If it goes on like this, we'll need calculus to count all the pokemon!


----------



## Butterfree (Mar 13, 2011)

Maybe they'll switch over to hexadecimal.


----------



## Squornshellous Beta (Mar 13, 2011)

YES HEXADECIMAL

HEXIDECIMAL CONQUERS ALL


----------



## MentheLapin (Mar 13, 2011)

_Shapes_.


----------



## ... (Mar 13, 2011)

Nintendo will invent a new handheld console that can count high enough.


----------



## Blastoise Fortooate (Mar 13, 2011)

By then numbers as we know them will have become obsolete.


----------



## H-land (Mar 13, 2011)

Blastoise said:


> By then numbers as we know them will have become obsolete.

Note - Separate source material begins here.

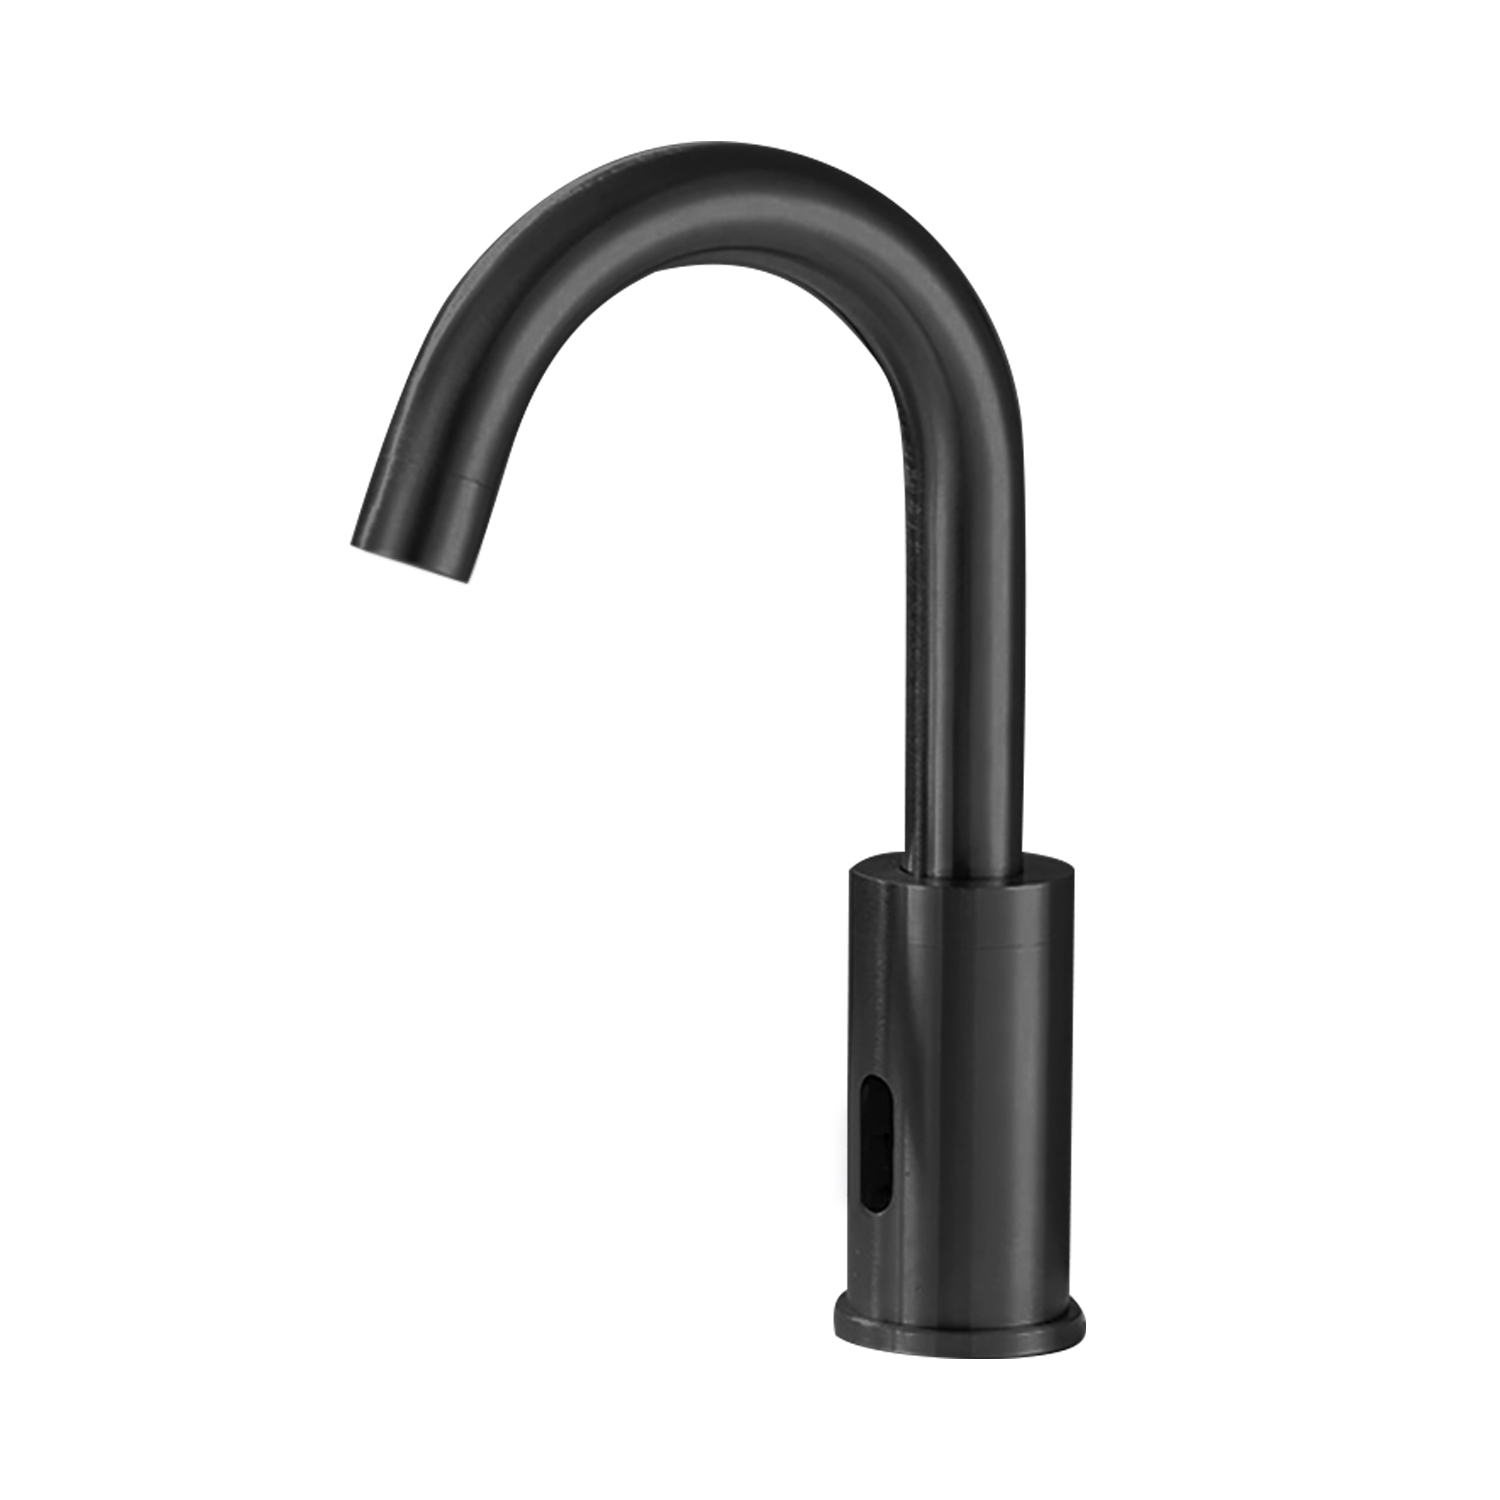 Fontana-Commercial-Dark-ORB-Motion-Sensor-Faucet

You realize that in the past fifteen years, the number of pokemon has more than quadrupled? If they continue at this rate, they'll have made over a thousand pokemon by not seven and a half years from now.*
So you're expecting the decimal number system to die out before 2020?
I know technology is moving fast, but I don't think it's going THAT fast!

Though seriously, I expect them to add a new digit in front (as #0001) or maybe start back at one and put a suffix in back (as #001-A). Assuming they keep milking the brand for all it's worth.

*Calculated using mean pokemon introduced per year, discounting release waves


----------



## Zeph (Mar 13, 2011)

Zecora said:


> You realize that in the past fifteen years, the number of pokemon has more than quadrupled? If they continue at this rate, they'll have made over a thousand pokemon by not seven and a half years from now.*
> So you're expecting the decimal number system to die out before 2020?
> I know technology is moving fast, but I don't think it's going THAT fast![/SIZE]


Iii don't mean to be blunt, but I'm pretty sure Blastoise was joking.


Yeeaah, as everyone else has said they'll probably just shove the extra 0 on the front.


----------



## Murkrow (Mar 13, 2011)

Blastoise said:


> By then numbers as we know them will have become obsolete.


Surely not. In the past century alone, over 70 new numbers have been discovered. I'm sure numbers can stay one step ahead of Pokémon.




Squornshellous Beta said:


> FRACTIONS


Yes!
22/7 is a pentagon Pokémon and 355/113 is an octagon Pokémon and 314159265258979/100000000000000 is a more sides than that Pokémon.


----------



## bulbasaur (Mar 14, 2011)

Crazy Linoone said:


> If it goes on like this, we'll need calculus to count all the pokemon!


One over x as x approaches zero



Rasrap Smurf said:


> 22/7 is a pentagon Pokémon and 355/113 is an octagon Pokémon and 314159265258979/100000000000000 is a more sides than that Pokémon.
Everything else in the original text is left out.